Has it come to this? The Associated Press reported on Dec. 5 that a 60-year-old painting on view at NY’s Metropolitan Museum of Art – showing a preteen girl dozing in a chair with a sliver of her underwear showing – provoked an online protest to get it out of sight. Signed by thousands, the plea contends that showing this work “is romanticizing voyeurism.” The museum doesn’t see it that way and neither do I.
Look, ma, no hands
Granted the current climate in the nation is stormy with scores of sexually abused women rising up to get their offenders out of seats of power.
But should a painting that may or may not hint at lechery also be banished? If yes, a lot of paintings held in museums around the world should be taken down, beginning with works at the Met besides the one in contention, namely “Therese Dreaming” by Balthus. As far as he’s concerned, there are a whole lot of his works that are way more sexually-charged than that of a sleeping kid with her underwear showing. I’m thinking of his flat-out disturbing privately owned painting “Guitar Lesson,” which shows a female teacher fingering the genitals of her student like the strings of the instrument.
What were you thinking?
Besides the Met’s Balthus, the museum’s American wing holds a life-size marble nude called “The White Captive” by Erastus Dow Palmer, who was well known for working directly from live nude models - his daughters.

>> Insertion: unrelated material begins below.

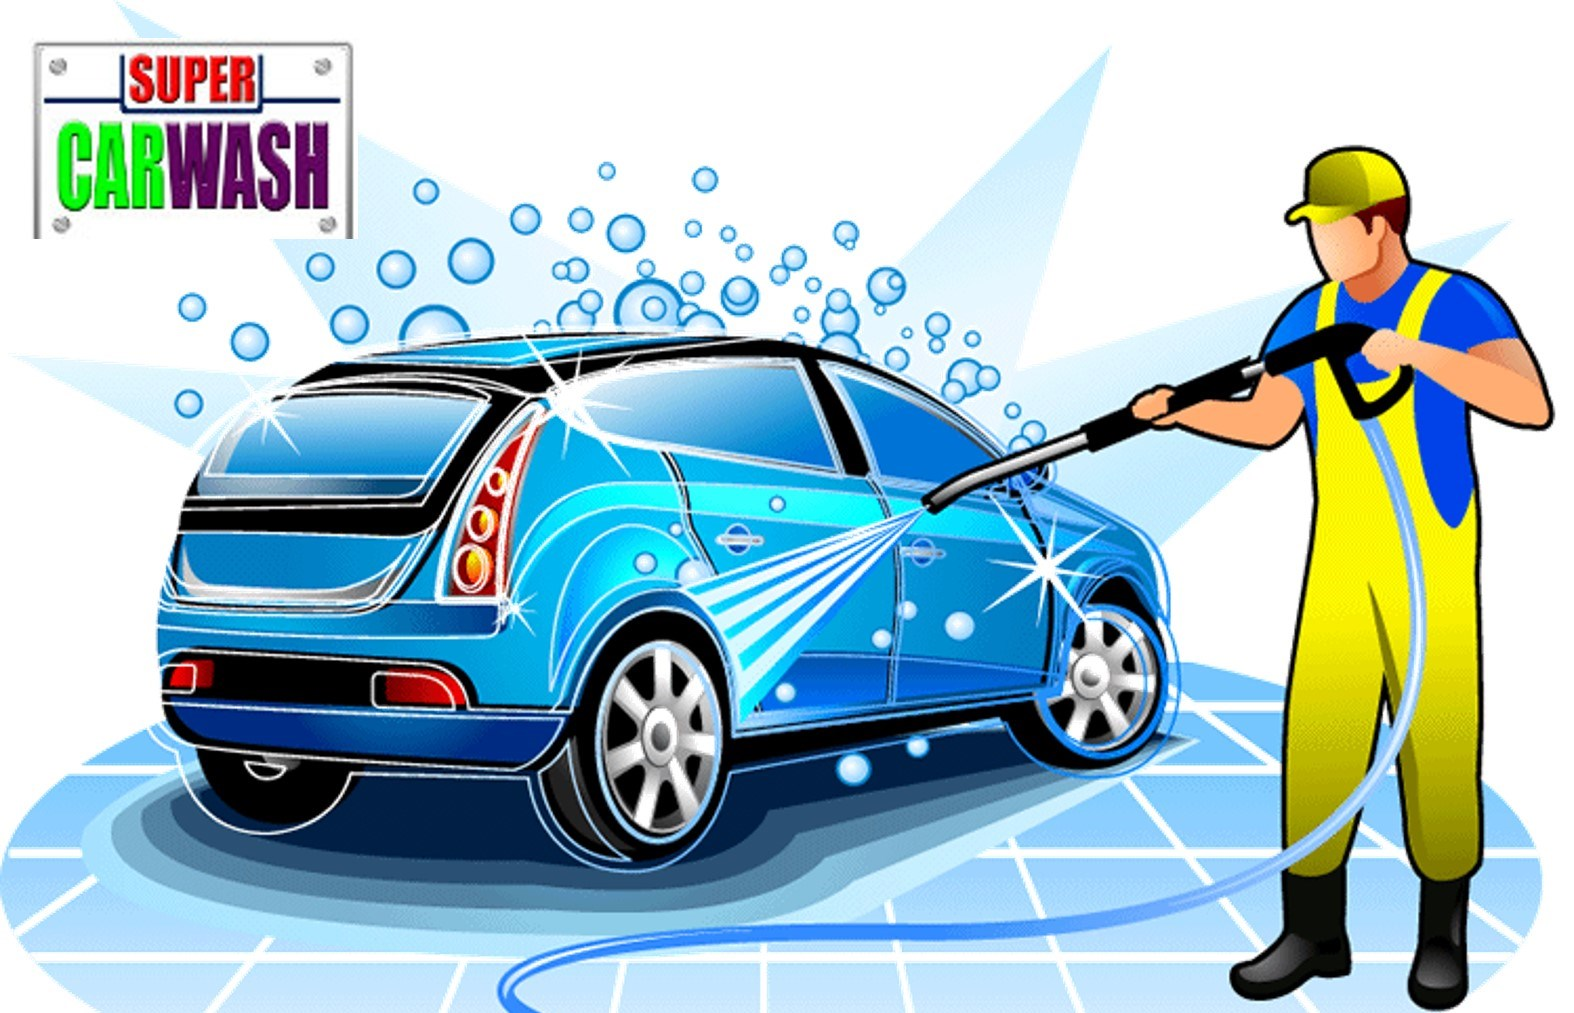 4,90€ απο 10€ για πλυσιμο Αυτοκινητου (μεσα-εξω) & Υγρο Κερωμα, στο Υψηλης τεχνολογιας πλυντηριο αυτοκινητων »Super Car Wash» στα Βριλησσια (διπλα στα Alouette)

If “Therese Dreaming” can be faulted for “romanticizing voyeurism,’ shouldn’t the study of his children maturing bodies be judged incestuous? In a similar way, isn’t Renoir, who pictured a naked prepubescent female in “Young Girl Bathing” hanging in the Met European wing, guilty of romanticizing pedophilia?
Renoir seems to have answered the question when he famously said, ”It’s with my brush that I make love.”
Riding high at a female’s expense
Talk about a hot-button painting. If “Therese Dreaming” is objectionable, where’s the outcry over the outright prurience of “The Swing” by Jean-Honore Fragonard’s, which describes a girl riding a swing while a smirking man hiding in the bushes just below her looks up under her billowing skirt?
Art history indicates that the idea for the painting came from a courtier who wanted likenesses of his mistress and him. But the artist he first commissioned, Gabriel Francois Doyen, was repelled by the idea. The job then went to Fragonard. Prurient? Sure. Even so, where is the equivalency between sexual abuse and a painting that merely hints at it? Isn’t that like faulting a person for simply thinking unclean thoughts?
Letting it all hang out
Speaking for the Met, Ken Weiner was quoted saying that the museum will keep the Balthus painting on the wall because it offers a teaching moment for the public. "Moments such as this provide an opportunity for conversation.” We need that.